» **TASK**
Here is the task for the listing below: output exactly the lines from the one containing "uma pirâmide triangular." through the one containing "Кровать Plaza-2 — 120x190 см. из березы", and leave out the pictures.

» **RECORDS SHOWN**
┄┄┄┄┄┄┄┄┄┄┄┄┄┄┄┄┄┄┄┄

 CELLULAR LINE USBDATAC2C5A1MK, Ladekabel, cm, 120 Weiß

┄┄┄┄┄┄┄┄┄┄┄┄┄┄┄┄┄┄┄┄

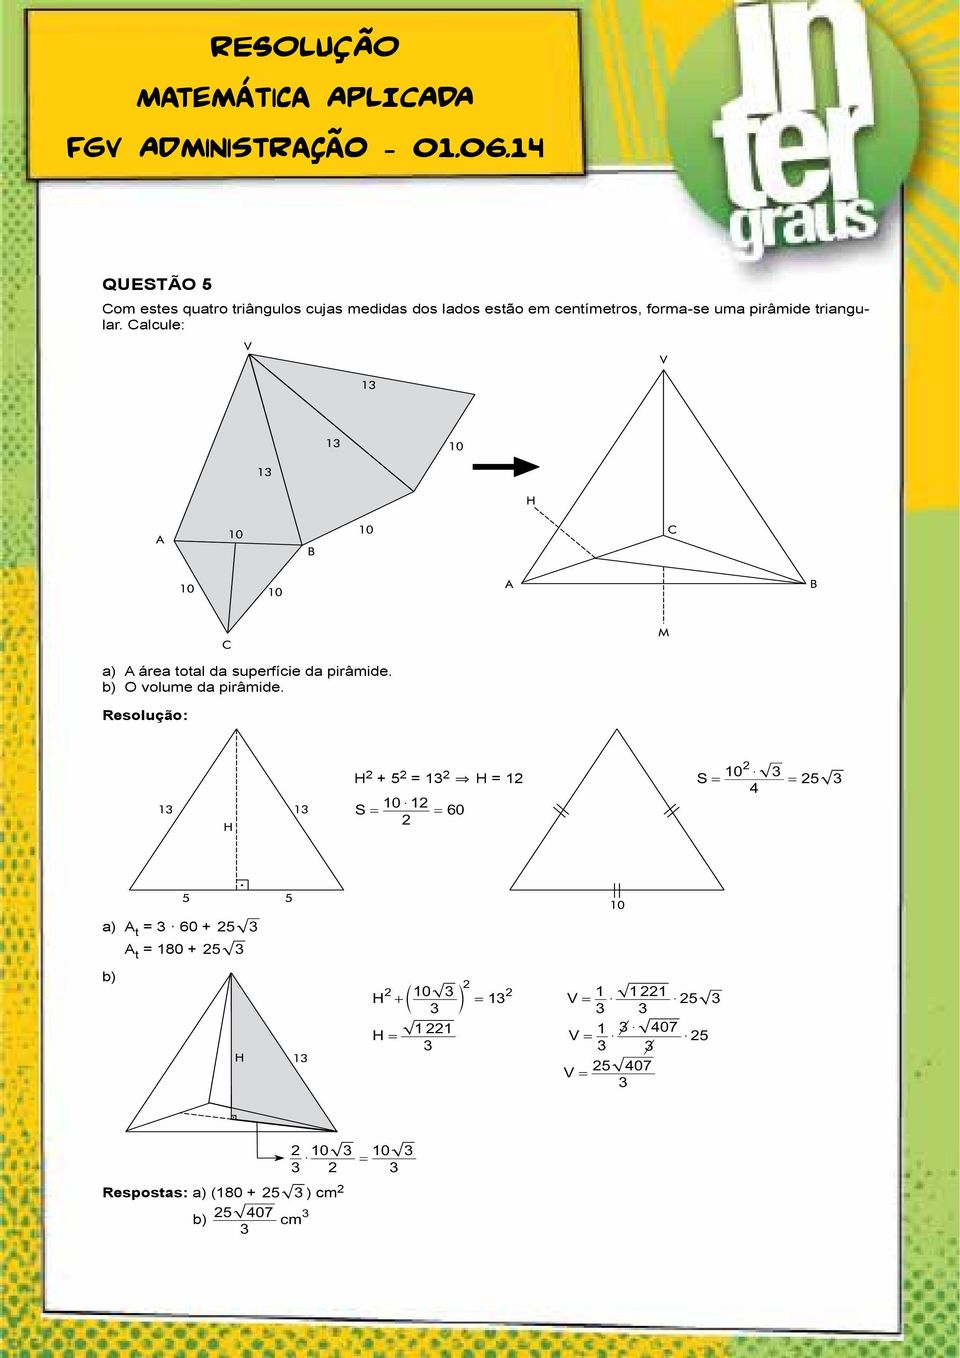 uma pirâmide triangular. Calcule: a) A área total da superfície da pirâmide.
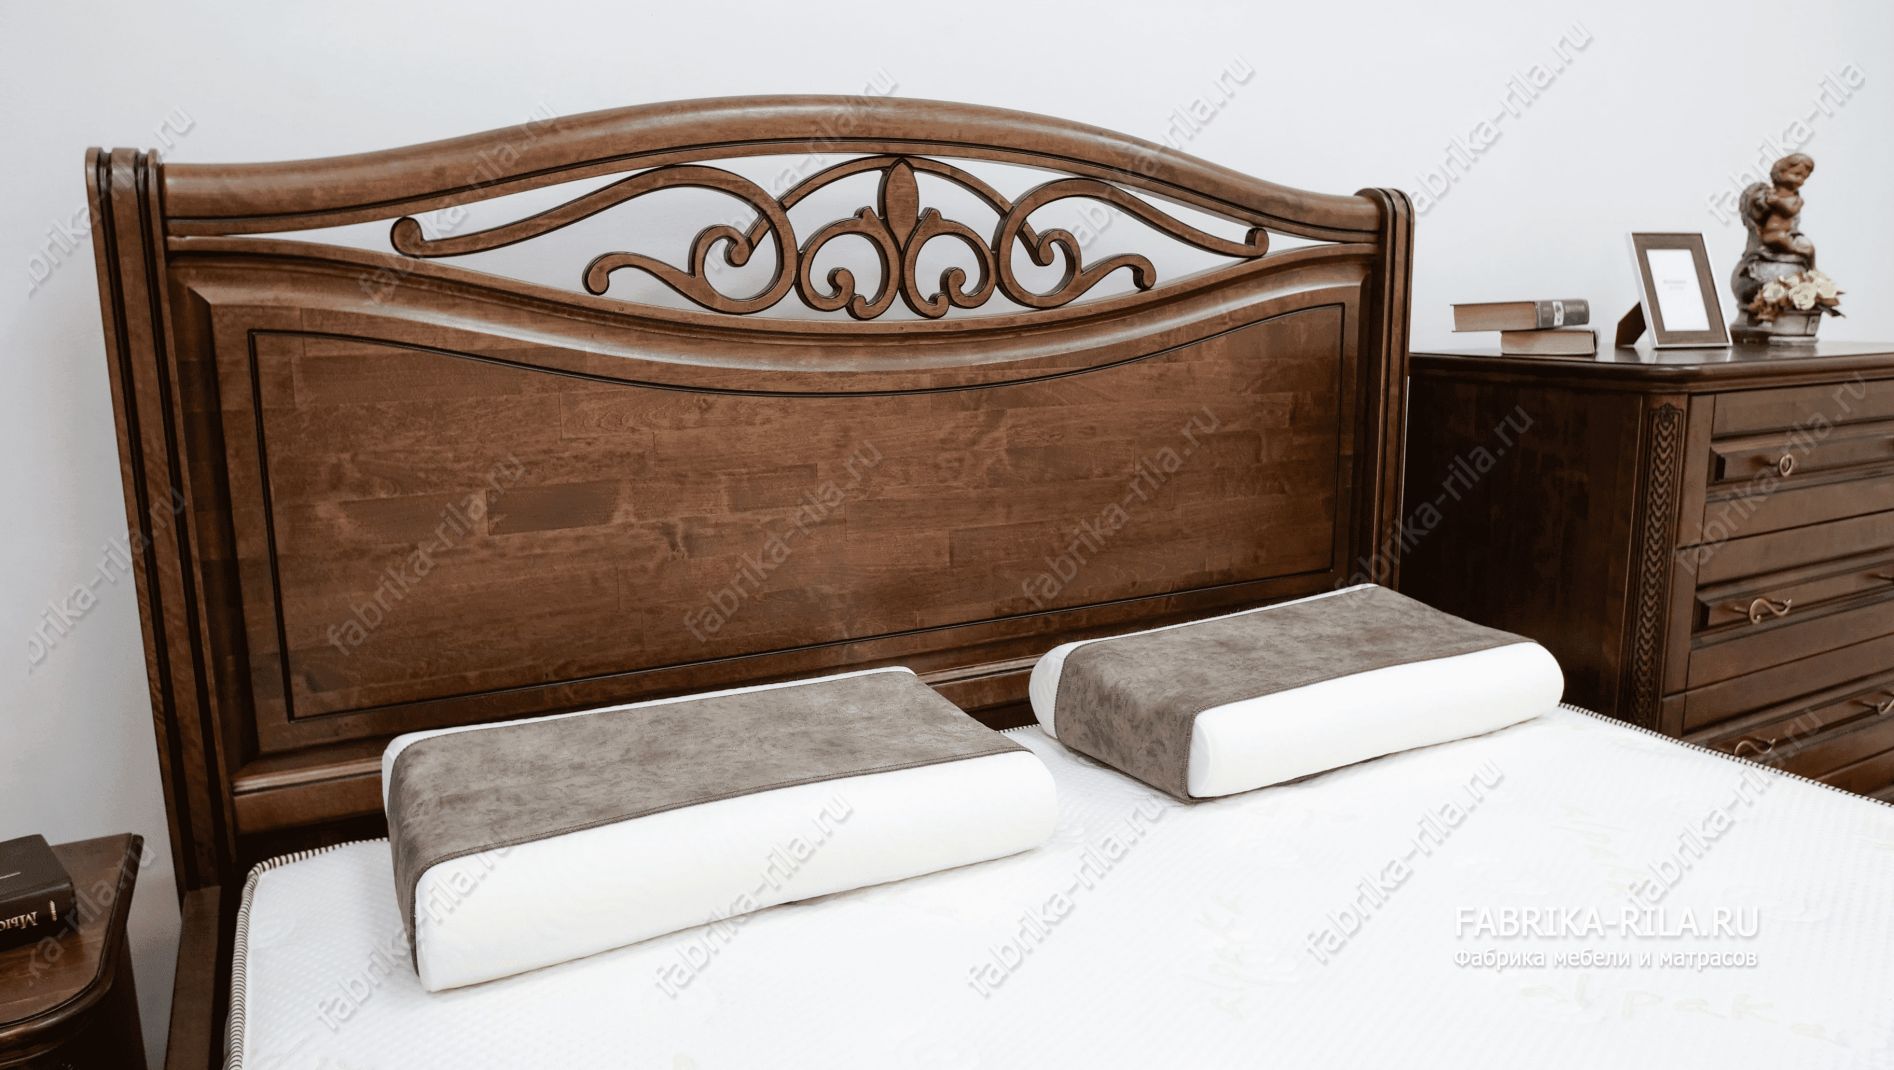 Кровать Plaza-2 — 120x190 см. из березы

┄┄┄┄┄┄┄┄┄┄┄┄┄┄┄┄┄┄┄┄

» **SOLUTION**
 uma pirâmide triangular. Calcule: a) A área total da superfície da pirâmide.
 Кровать Plaza-2 — 120x190 см. из березы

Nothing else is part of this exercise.